▶ **WHAT THE TASK ASKS**: In full and word for word, copy the listing; no pictures belong in the copy.

▶ **DATASET EXTRACT**:
□ □ □ □ □ □ □
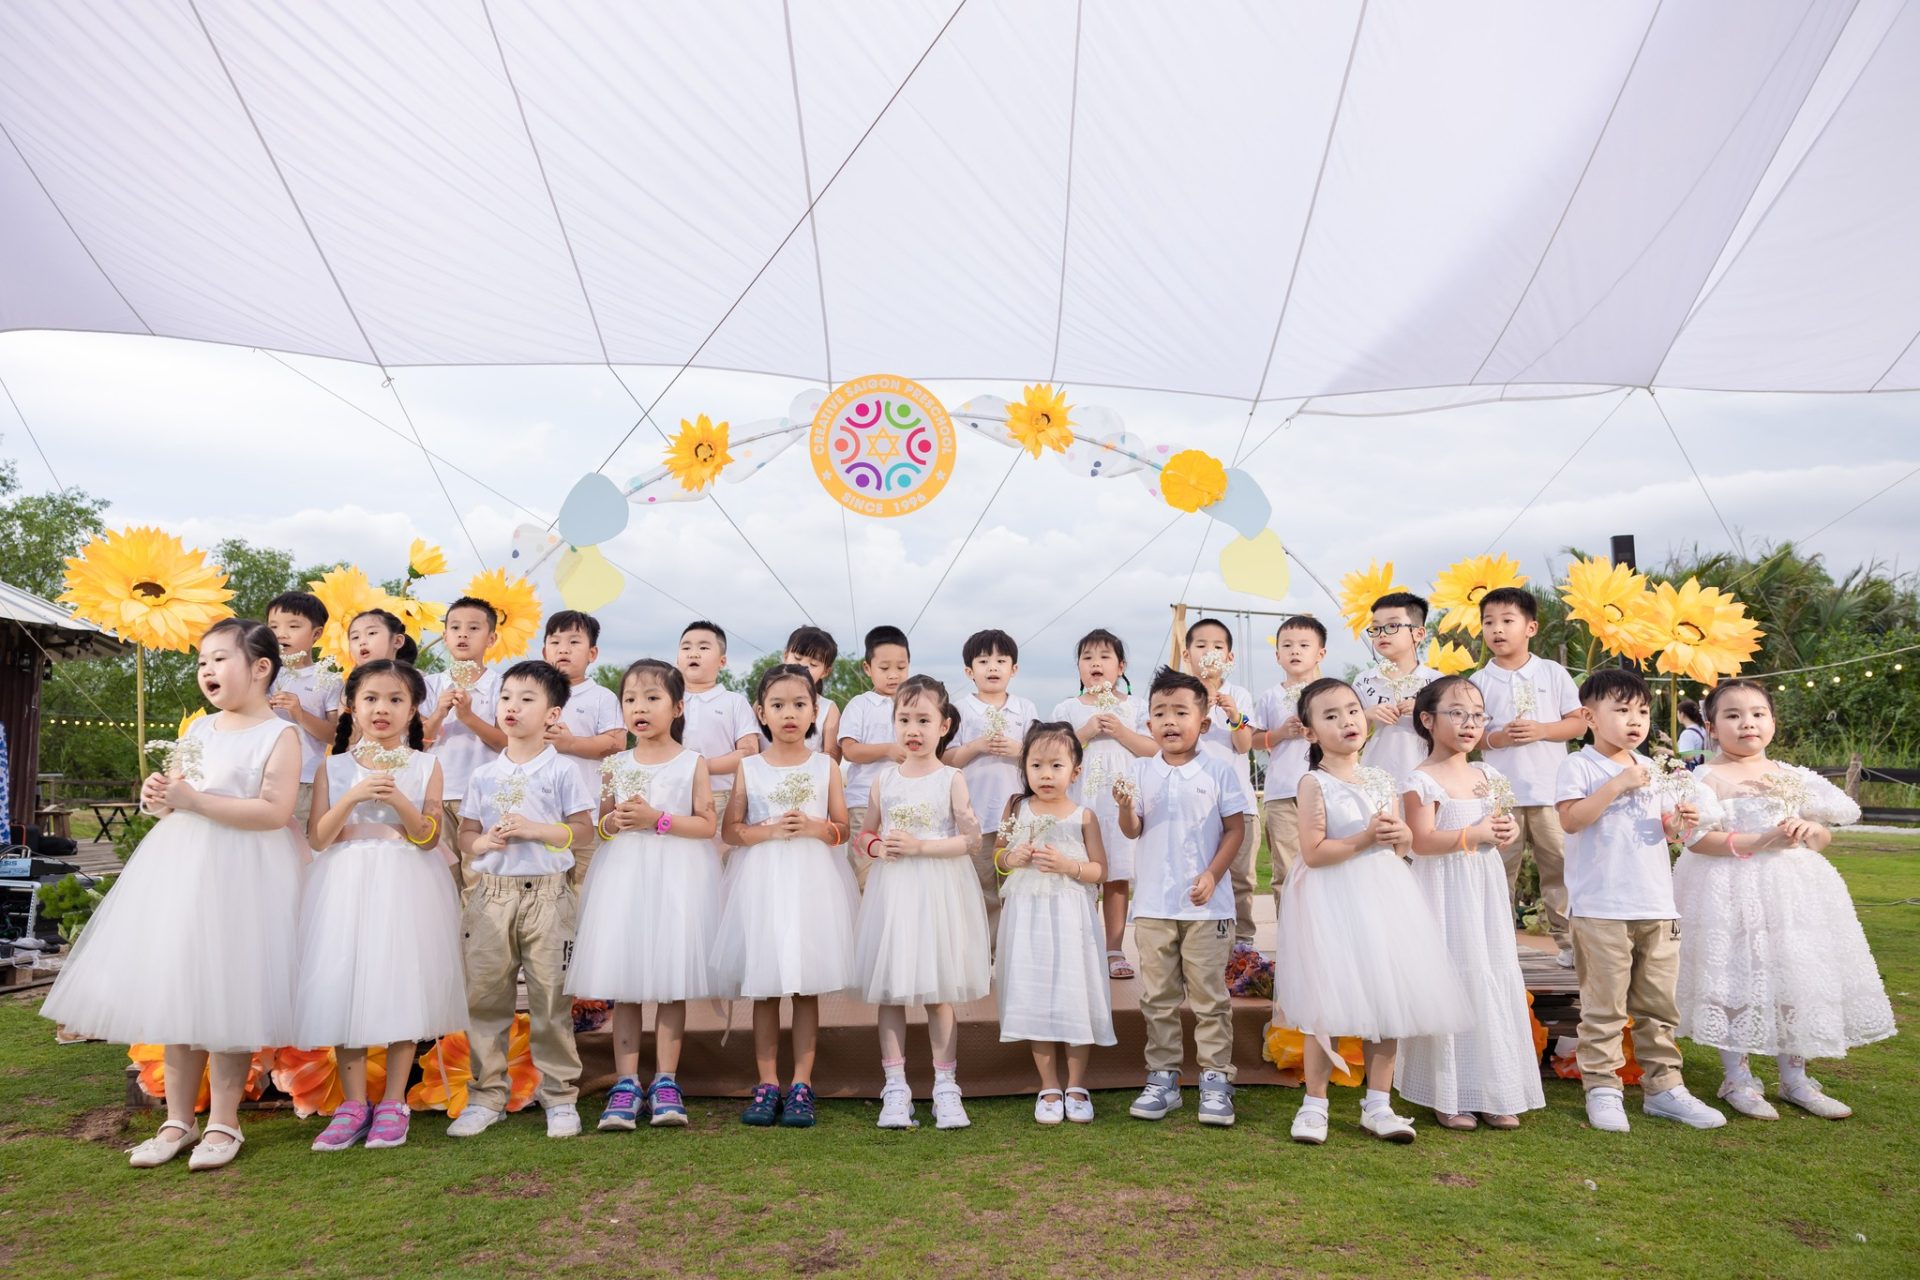 Lễ Tổng Kết Trường Mầm non CSS - Creative Saigon Preschool (Mầm non Sài Gòn Sáng tạo Quận 10)
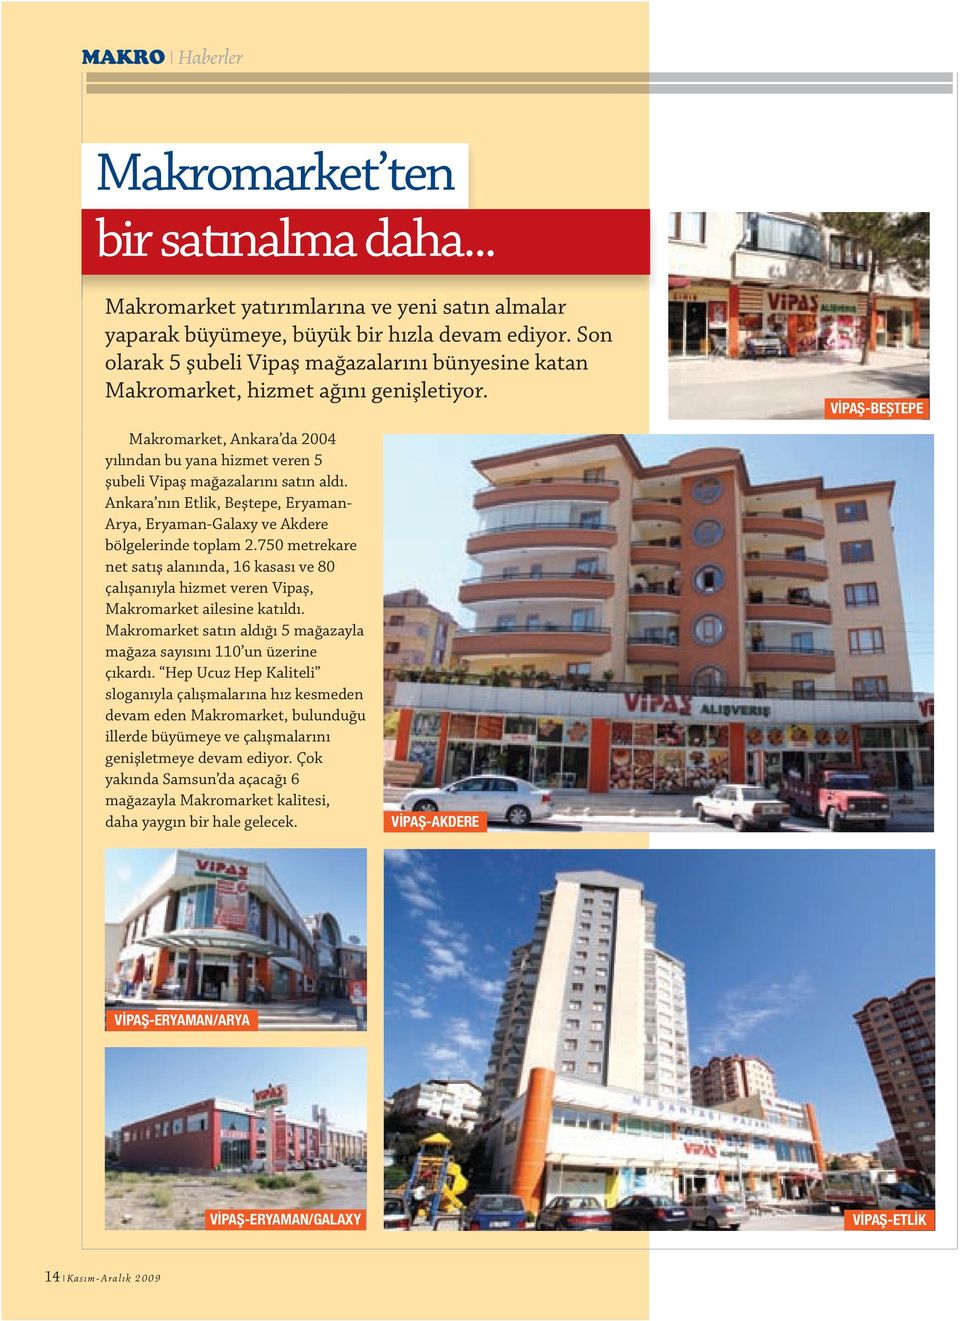 Ankara nın Etlik, Beştepe, Eryaman- Arya, Eryaman-Galaxy ve Akdere bölgelerinde toplam 2.750 metrekare net satış alanında, 16 kasası ve 80 çalışanıyla hizmet veren Vipaş, Makromarket ailesine katıldı.
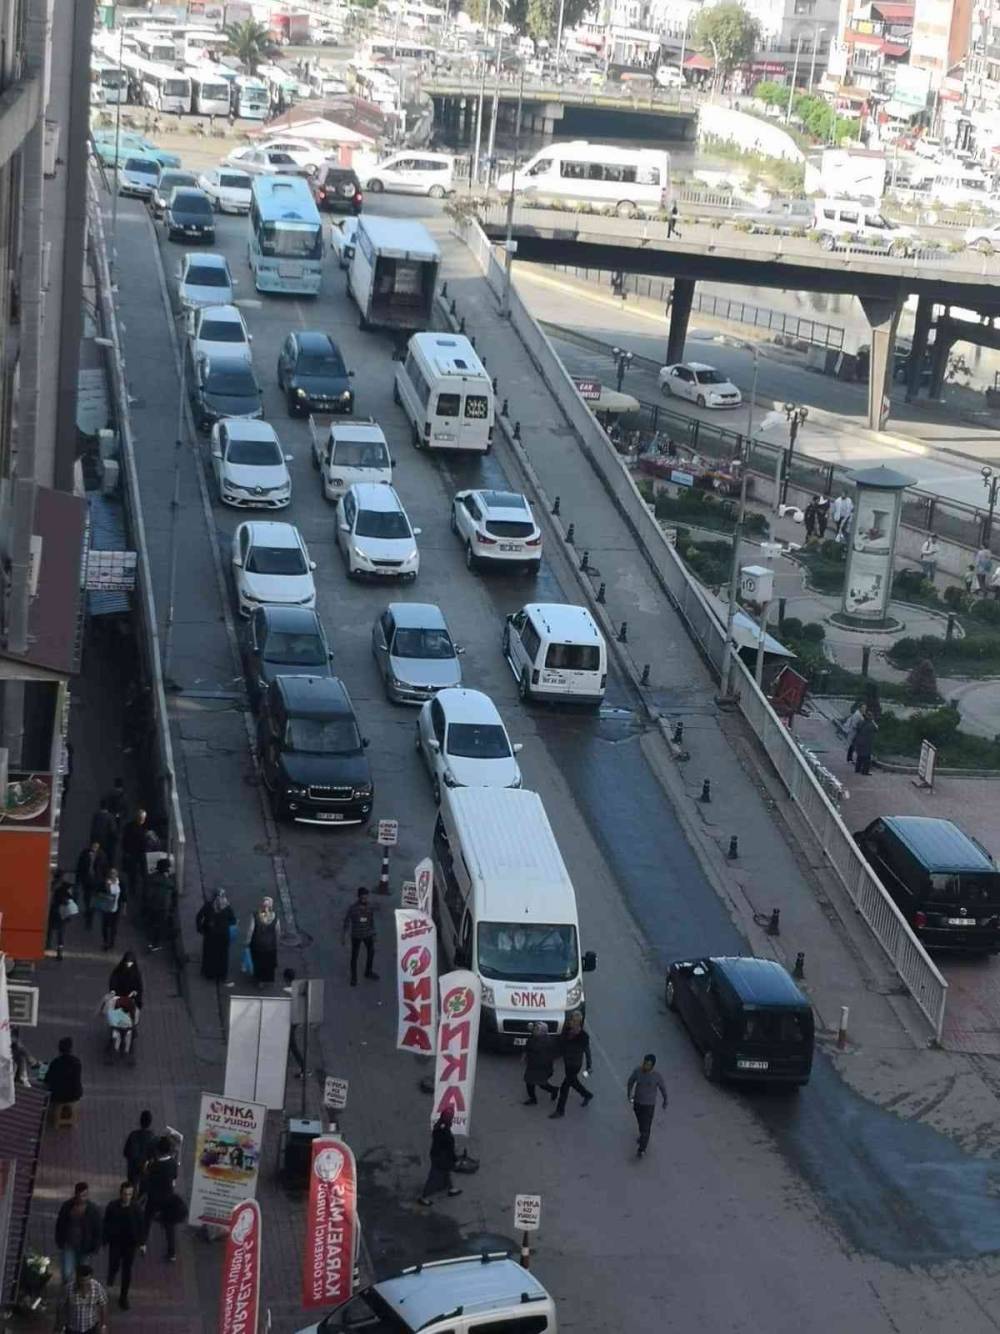 Zonguldak’ta trafiğe kayıtlı araç sayısı 164 bin 556 oldu
□ □ □ □ □ □ □
▶ **FINAL ANSWER**:
 Lễ Tổng Kết Trường Mầm non CSS - Creative Saigon Preschool (Mầm non Sài Gòn Sáng tạo Quận 10)
 Ankara nın Etlik, Beştepe, Eryaman- Arya, Eryaman-Galaxy ve Akdere bölgelerinde toplam 2.750 metrekare net satış alanında, 16 kasası ve 80 çalışanıyla hizmet veren Vipaş, Makromarket ailesine katıldı.
 Zonguldak’ta trafiğe kayıtlı araç sayısı 164 bin 556 oldu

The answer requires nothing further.